Write out the data below exactly as given, without any of its pictures.

Dataset excerpt —

- Opening Delimiter -

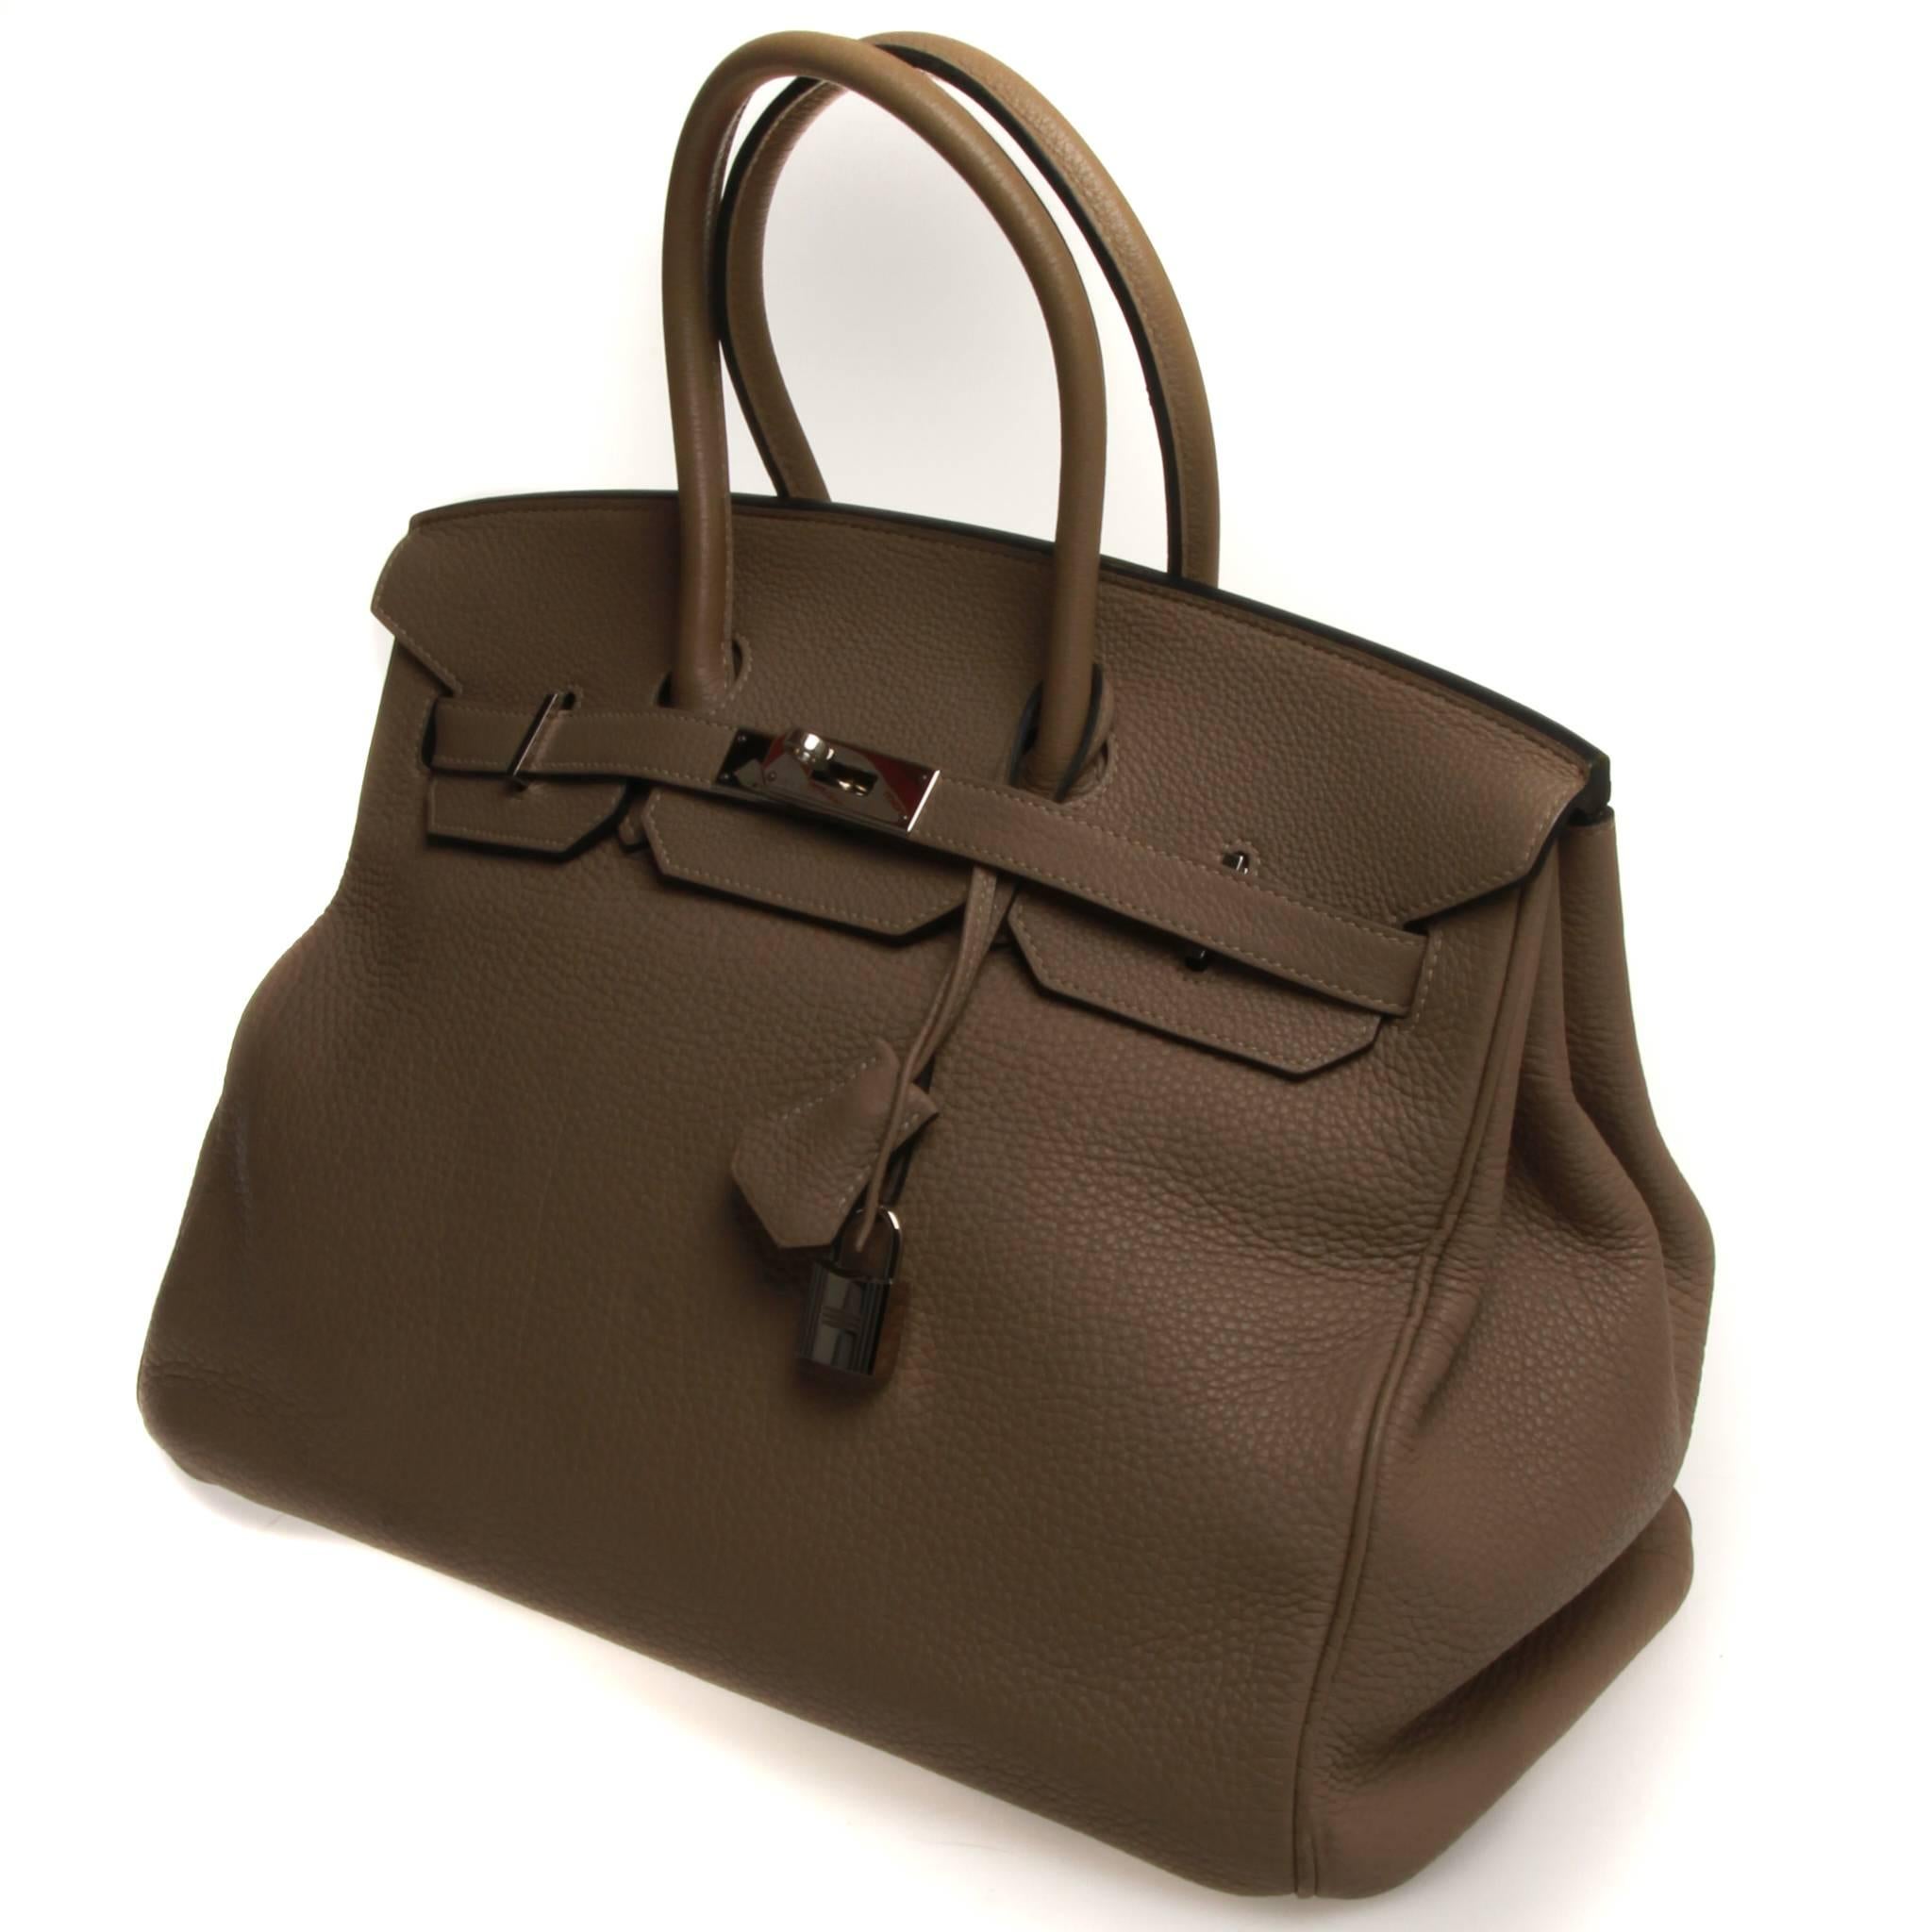 Etoupe Togo leather Hermès Birkin 35 with palladium-plated hardware, dual rolled handles, tonal leather interior, dual pockets at interior walls; one with zip closure and flap with turn-lock closure at front. Blind stamped O in a square denoting
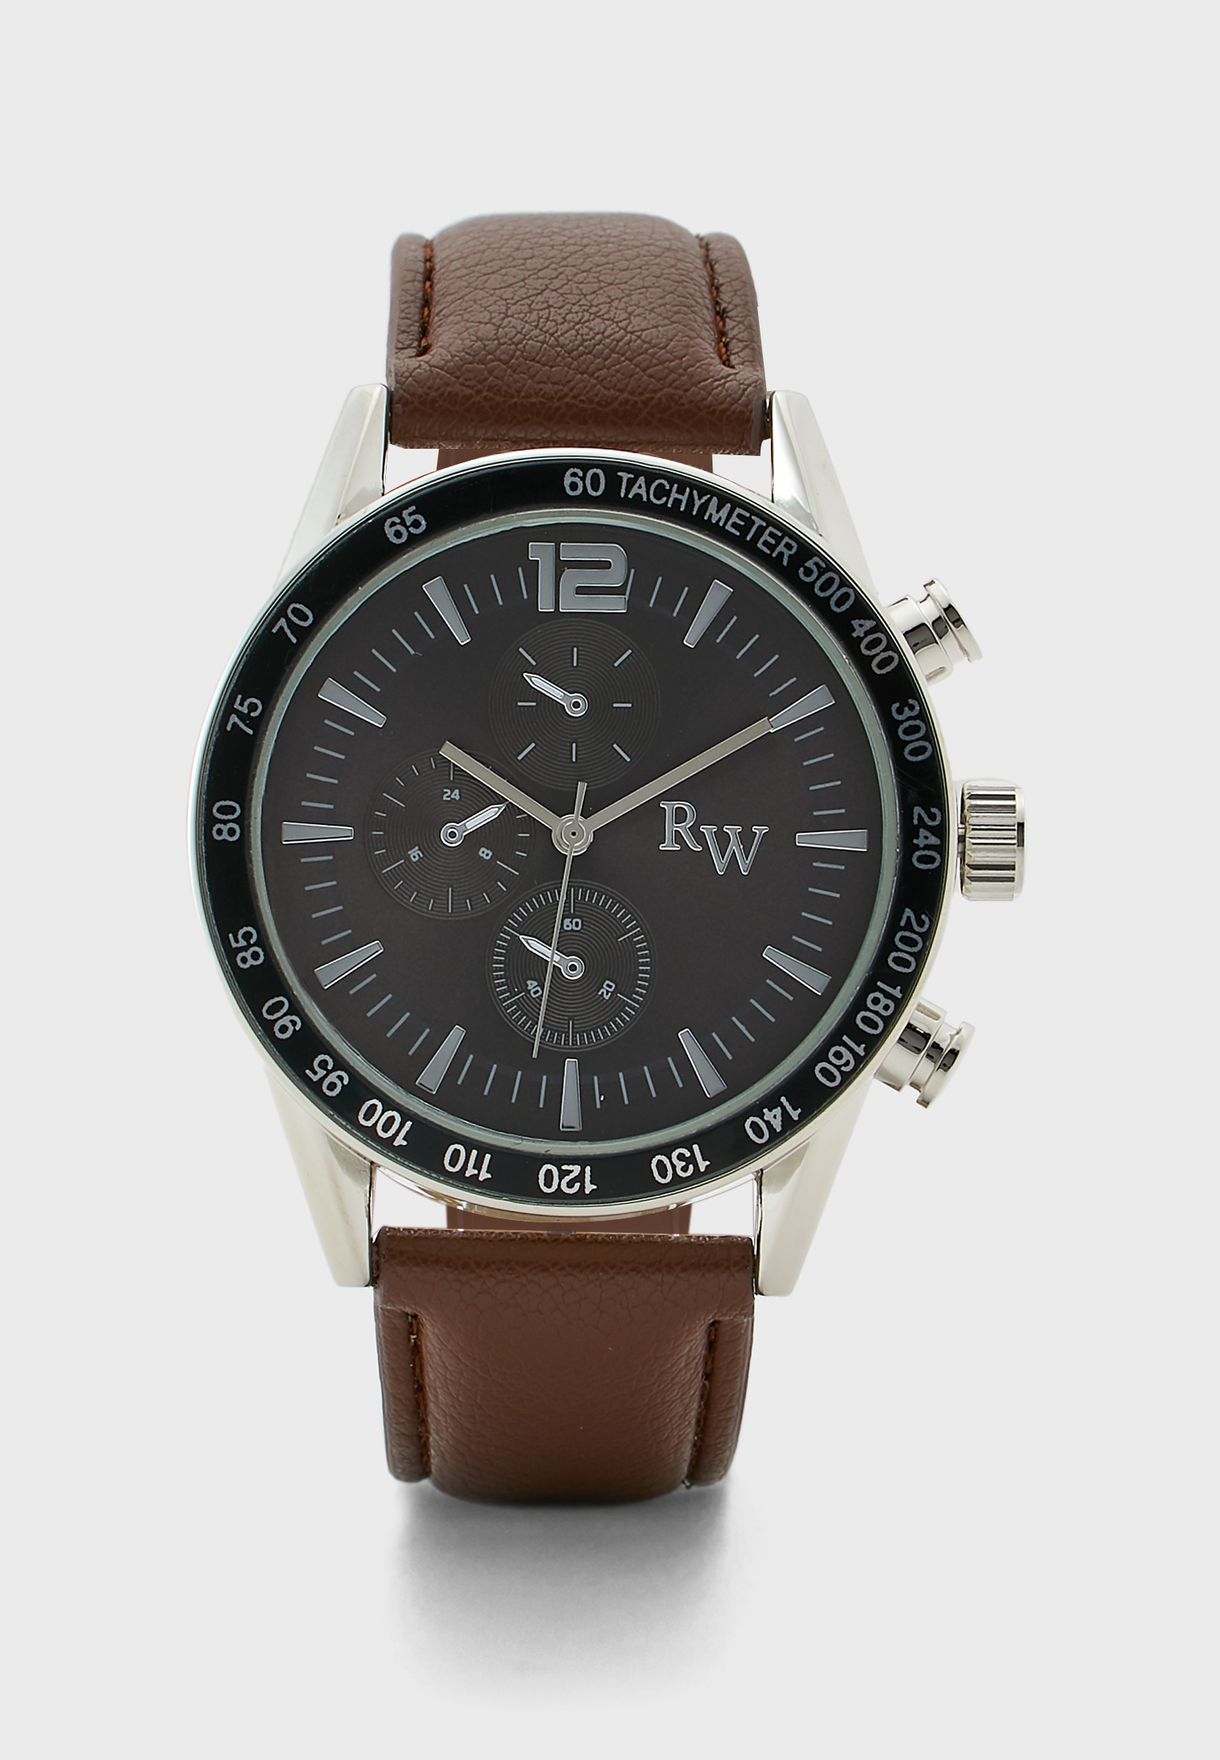 Analogue Watch With Sports Detail
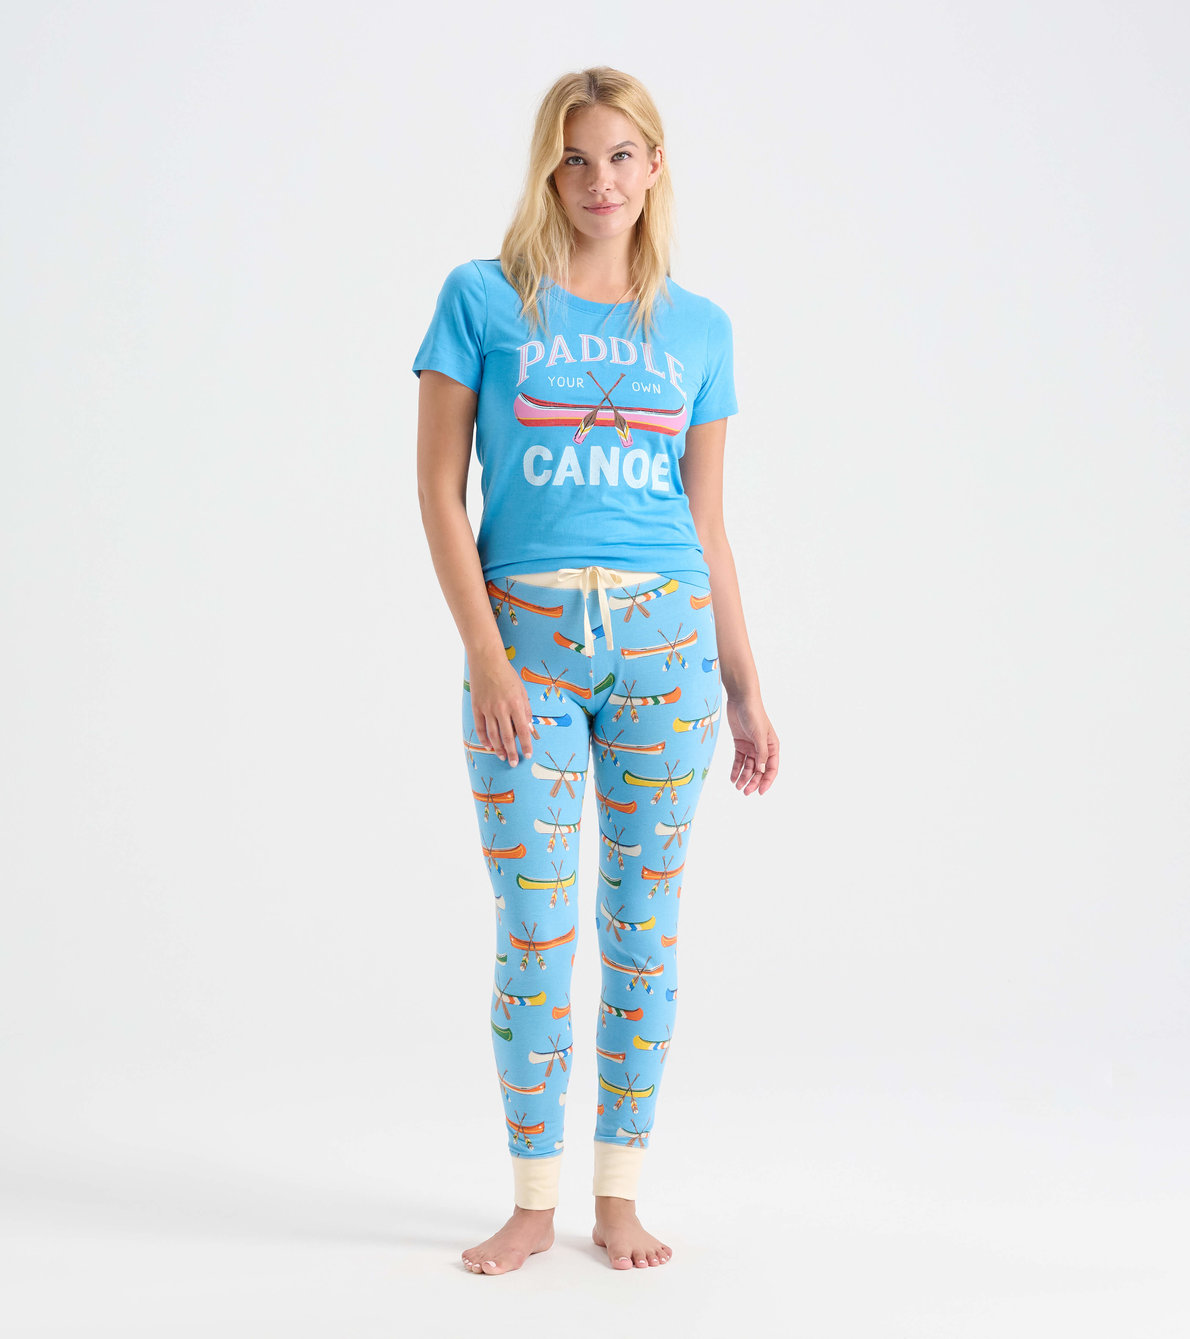 View larger image of Paddle Your Own Canoe Women's Pajama T-Shirt

- Closing Delimiter -

Result of the exercise —
 Etoupe Togo leather Hermès Birkin 35 with palladium-plated hardware, dual rolled handles, tonal leather interior, dual pockets at interior walls; one with zip closure and flap with turn-lock closure at front. Blind stamped O in a square denoting
 Analogue Watch With Sports Detail
 View larger image of Paddle Your Own Canoe Women's Pajama T-Shirt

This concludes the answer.